Searching for the "best" contracts or subset maximizes a metric on past data, which also fits noise — this is the single most overfitting-prone thing the analyst can do. Vector AI always frames it as "the combination that would have maximized X on the backtest", never as advice or a prediction, and always reports the out-of-sample check (the configuration found on the first part of the history, then measured on the later part) and a resampling band. Read those before trusting the headline number. The decision to trade, and how, is always yours.

Acting on a proposal

When Vector AI optimizes, it does not silently change your workspace — it shows an actionable proposal card under its answer, and you stay the final switch. The card shows the configuration it found and the key metrics before and after, with three actions:

Apply to session
Writes the proposed weights into the live session.
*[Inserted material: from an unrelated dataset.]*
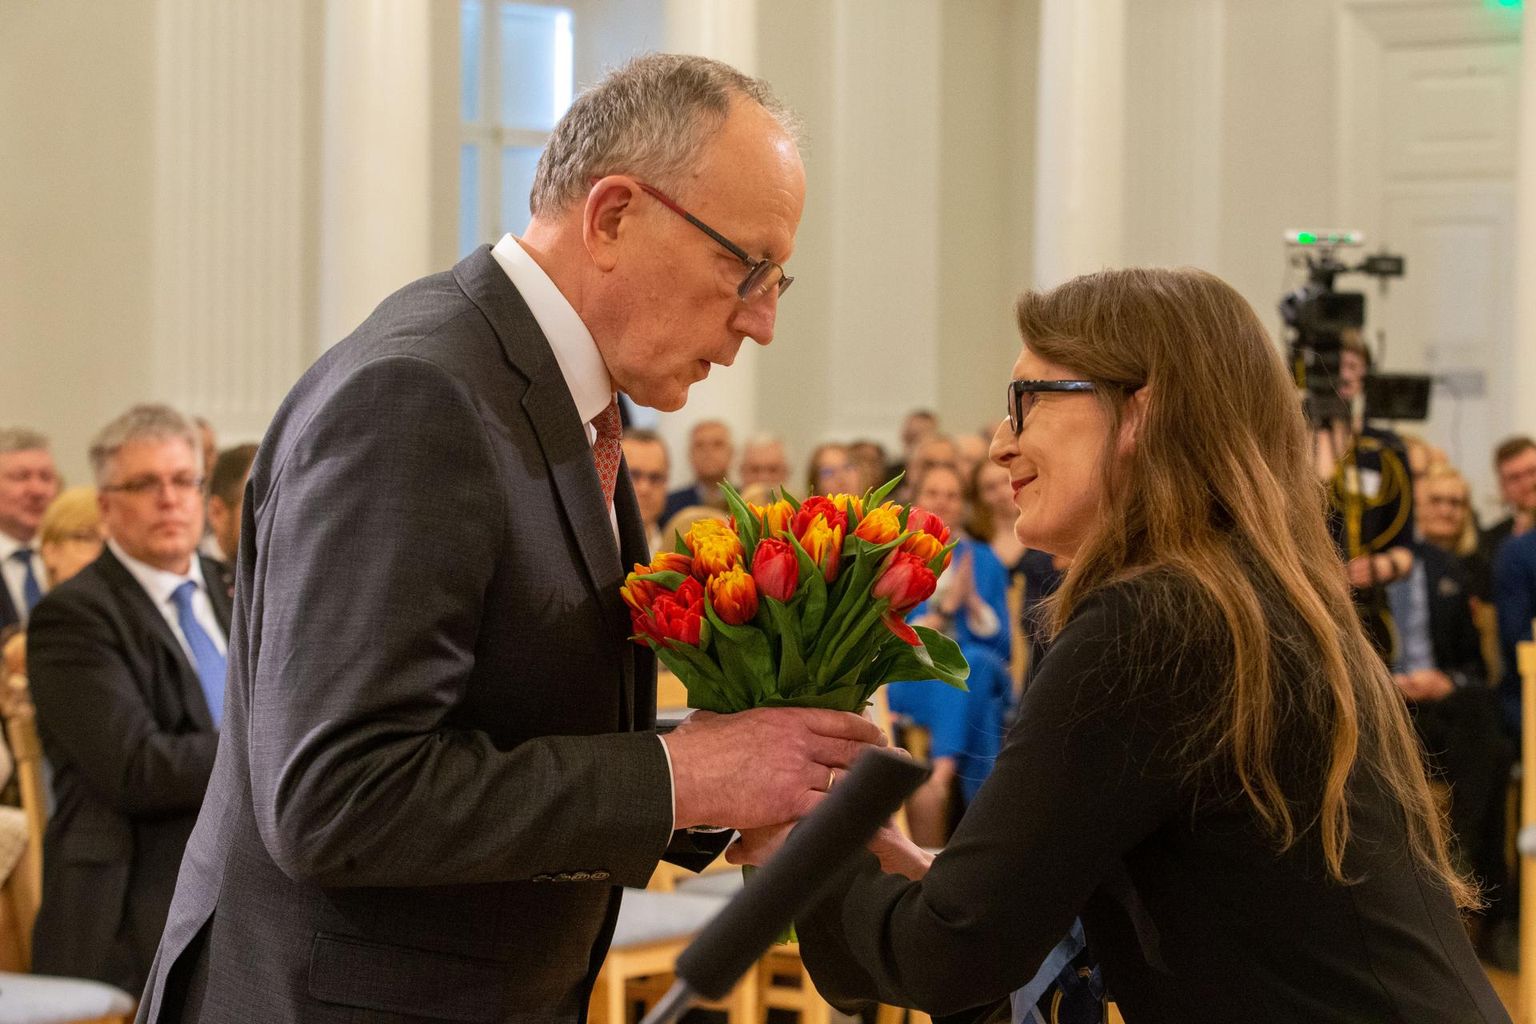 Teise hääletusvooru järel õnnitles valimiskomisjoni esimees Raili Marling (paremal) Tartu ülikooli järgmist rektorit Toomas Asserit tulbikimbuga.

Recorded in the Timeline, so it is undoable.
Save as variant
Freezes the proposal as a variant and pins it to the comparison, without touching the live session — compare it against your current setup before committing.
Open in Optimizer
Opens the Optimization module pre-filled with the same configuration, to review the surface and leaderboard or tweak and re-run.
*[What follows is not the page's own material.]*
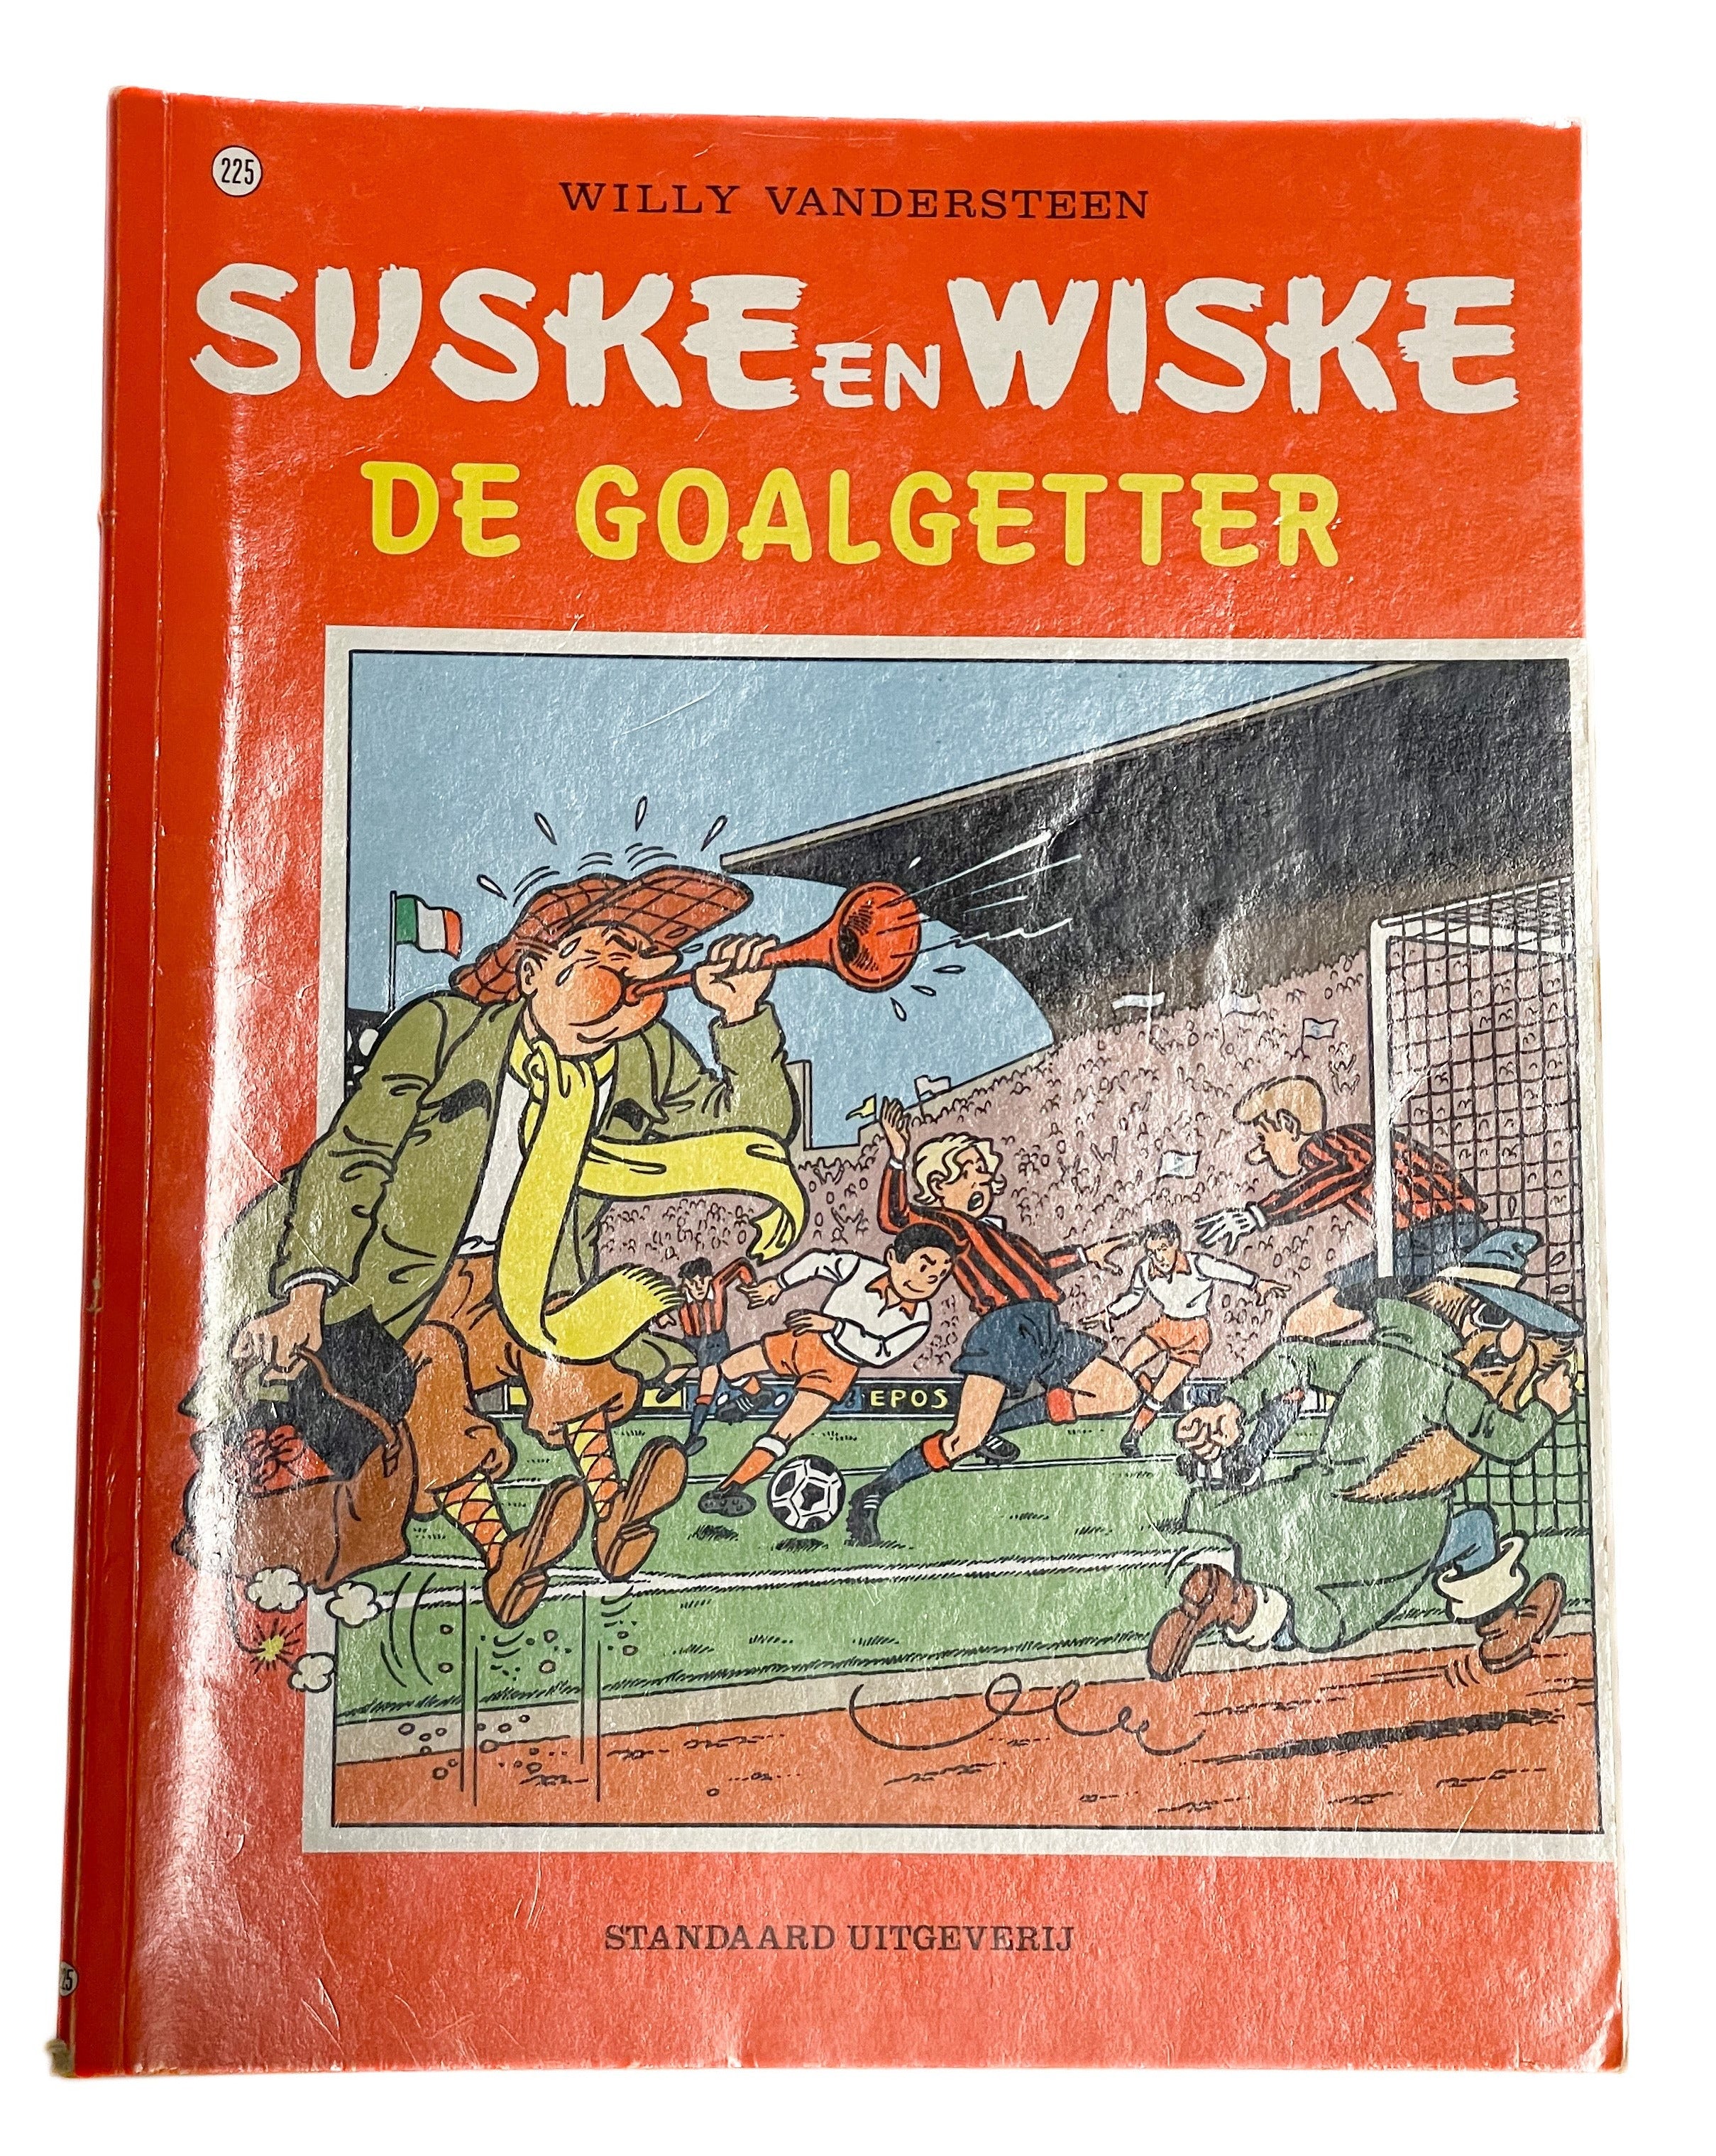 Suske en Wiske- De goalgetter nummer 225 1/9/90

The card stays with the message: it survives closing and reopening the chat for as long as the session lives.

Methodology guidance

Beyond the numbers, Vector AI helps with how to analyse: which tool or statistical method fits your data — for example, for returns with volatility clustering and fat tails (typical of 0DTE options) it will point you to FHS + GARCH or a skewed Student-t Monte Carlo model, with block bootstrap as the robust default. This is educational guidance about the tools inside VECTOR, and it can link you to the relevant page (for example Monte Carlo).

How it stays accurate

Every number is computed, never invented

The figures Vector AI cites are produced by the same engine that powers the charts and tables — never estimated by the model. A what-if is a real recomputation of the backtest, not a guess. If Vector AI does not have the data to answer precisely, it tells you and offers the closest thing it can compute, instead of inventing a number.

What it will not do

Vector AI is not a financial advisor

By design, Vector AI stays descriptive and impersonal. It will not tell you to buy, sell, allocate or withdraw real capital; it will not call a portfolio "ready", "safe" or "validated" for live trading; it will not predict future returns; and it will not tailor its answers to your personal situation (real capital, goals, risk tolerance, horizon). Configuration ideas are framed as experiments — "try this and observe the effect on a metric" — never as recommendations. The decision to trade, and how, is always yours. Past performance is not indicative of future results.

Limits to be aware of

Time of day needs per-trade times
Intraday questions require the entry date and time of each trade in your imported file. Strategies loaded as a daily P/L series or an equity curve don't carry per-trade times, so hour-of-day analysis isn't available for them — Vector AI will say so.
Monte Carlo is a suggestion
The chat doesn't run Monte Carlo itself (it's heavy). Vector AI points you to the Monte Carlo tool with the model that fits your data.
Small samples stay uncertain
With few trades or days, a strong-looking result is still low confidence — Vector AI flags this rather than overstating it.
Usage limits
To keep the service responsive for everyone, Vector AI is rate-limited per account: session verdicts up to 6/minute and 60/day, chat messages up to 10/minute and 200/day. Past a limit the API answers with a retry-later message; identical portfolios reuse cached verdicts without consuming budget.

Model

Vector AI runs on Anthropic Claude (US): the session verdict uses an Opus-class model, the card and the chat a faster Haiku-class model. Only the numeric digest of your session is sent — computed metrics, never raw trades, files or personal data (see Data & privacy).

Language

Vector AI replies in the language selected in Settings (Italian or English). Change it under Settings and the next question is answered in the new language.